Stop glorifying. Thinking we'll all be Elon Musks who send rockets to Mars is delusional. Most of us won't create companies employing hundreds.

OK.

The true epidemic is glorification. fewer selfies Little birdy needs less bank account screenshots. Less Uber talk.

We're exhausted.

Fun, ego-free business can transform the world. Take a relax pill.

Work as if someone were attempting to take everything from you.

I've seen people lose everything.

Myself included. My 20s startup failed. I was almost bankrupt. I thought I'd never recover. Nope.

Best thing ever.

Losing everything reveals your true self. Unintelligent entrepreneur egos perish instantly. Regaining humility revitalizes relationships.

Money's significance shifts. Stop chasing it like a puppy with a bone.

Fearing loss is unfounded.

Here is a more effective approach than outworking nobody.

(You'll thrive in the recession and become wealthy.)

Smarter work

Overworking is donkey work.

You don't want to be a career-long overworker. Instead than wasting time, write down what you do. List tasks and processes.

Keep doing/outsource the list. Step-by-step each task. Continuously systematize.

Then recruit a digital employee like Zapier or a virtual assistant in the same country.

Intelligent, not difficult.

If your big break could burn in hell, diversify like it will.

People err by focusing on one chance.

Chances can vanish. All-in risky. Instead of working like a Mark Cuban groupie, diversify your income.

If you're employed, your customer is your employer.

Sell the same abilities twice and add 2-3 contract clients. Reduce your hours at your main job and take on more clients.

Leave brand loyalty behind

Mark desires his employees' worship.

That's stupid. When times are bad, layoffs multiply. The problem is the false belief that companies care. No. A business maximizes profit and pays you the least.

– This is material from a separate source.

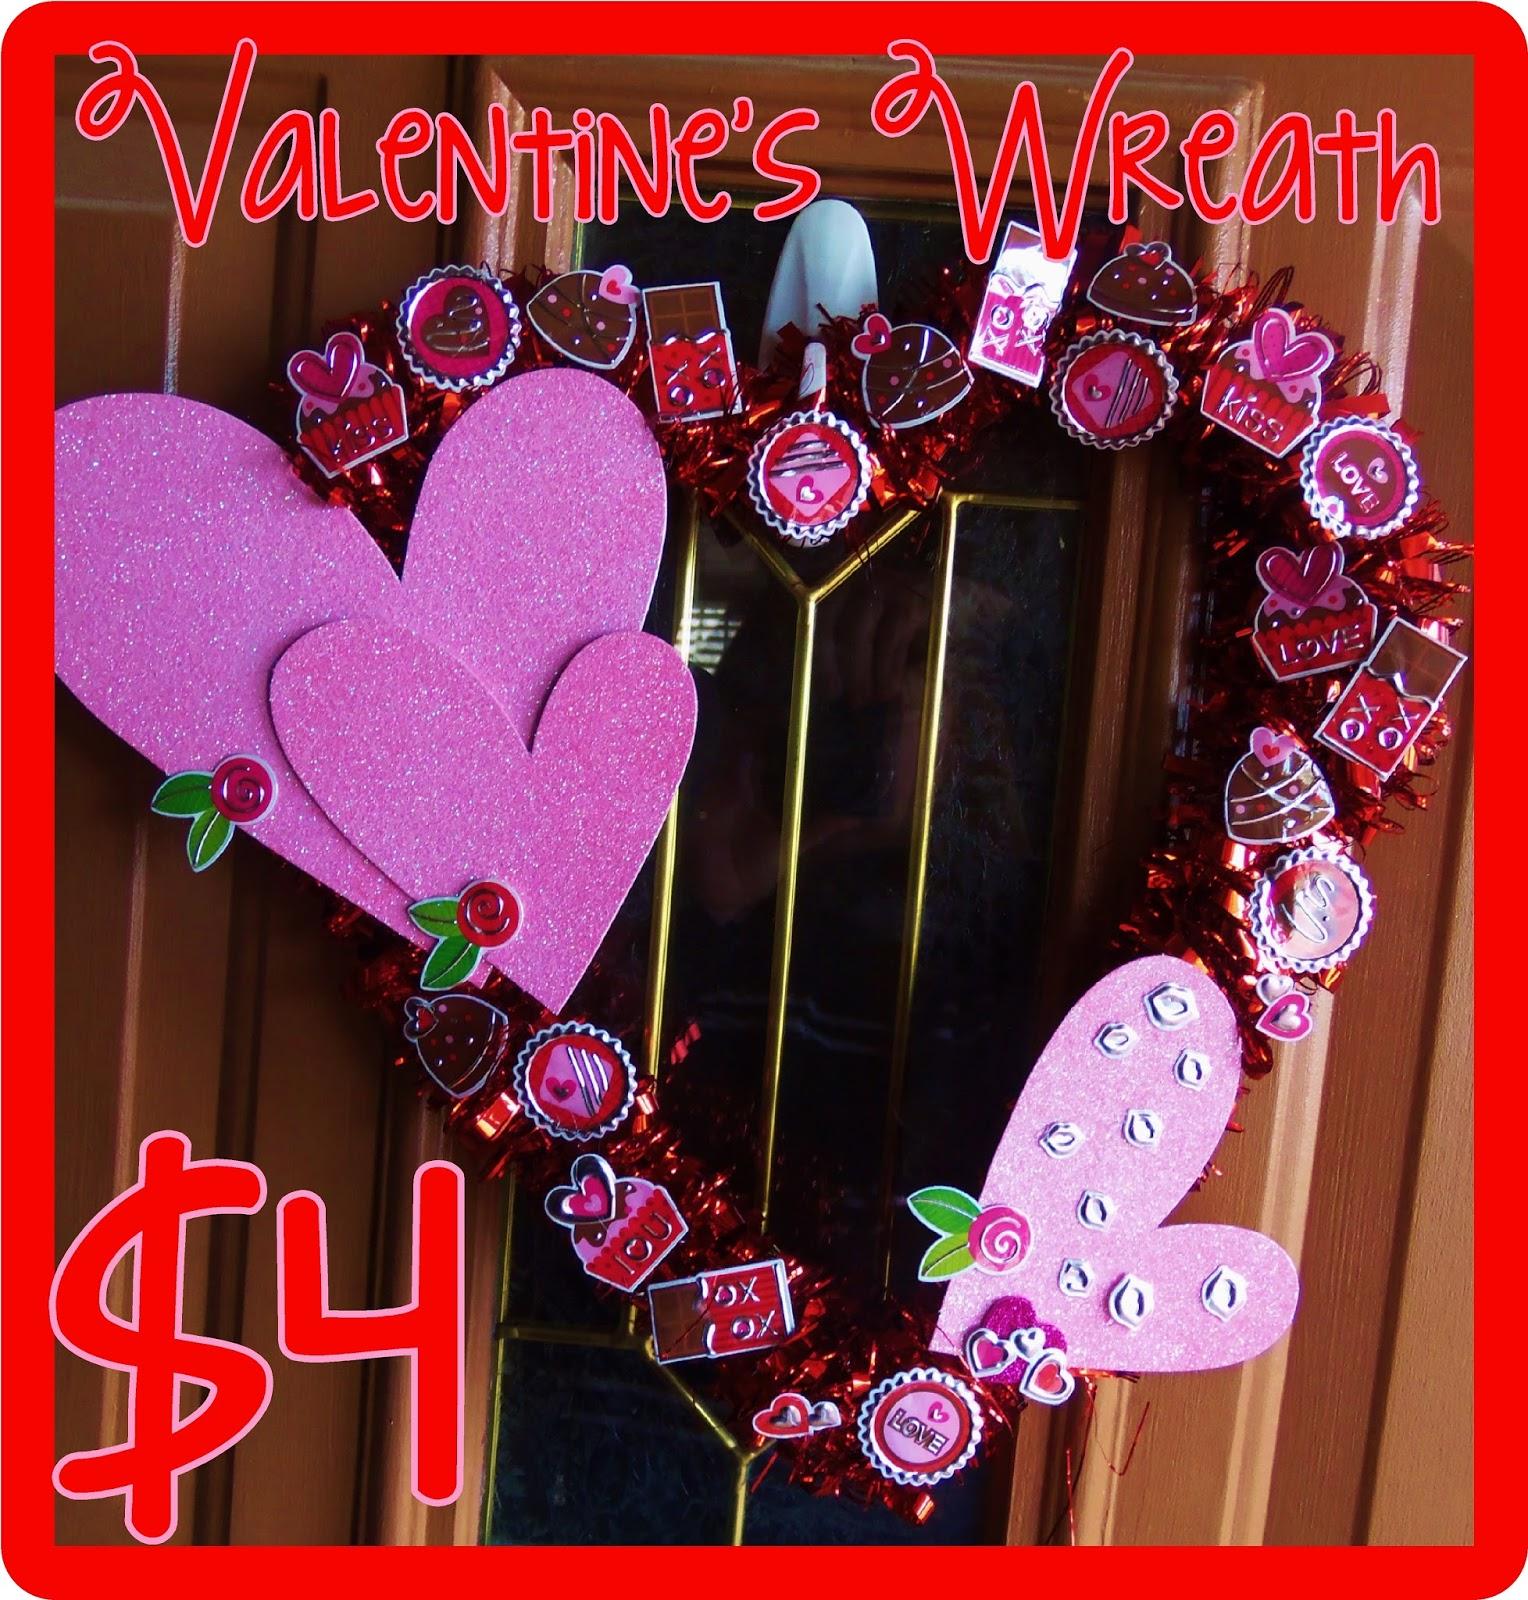 http://hollyshome-hollyshome.blogspot.com/2014/02/a-four-dollar-valentines-wreath.html

To care or overpay is anti-capitalist (that run the world). Be honest.

I was a banker. Then the bat virus hit and jobs disappeared faster than I urinate after a night of drinking.

Start being disloyal now since your company will cheerfully replace you with a better applicant. Meet recruiters and hiring managers on LinkedIn. Whenever something goes wrong at work, act.

Loyalty to self and family. Nobody.

Outwork this instead

Mark doesn't suggest outworking inflation instead of people.

Inflation erodes your time on earth. If you ignore inflation, you'll work harder for less pay every minute.

Financial literacy beats inflation.

Get a side job and earn money online

So you can stop outworking everyone.

Internet leverages time. Same effort today yields exponential results later. There are still whole places not online.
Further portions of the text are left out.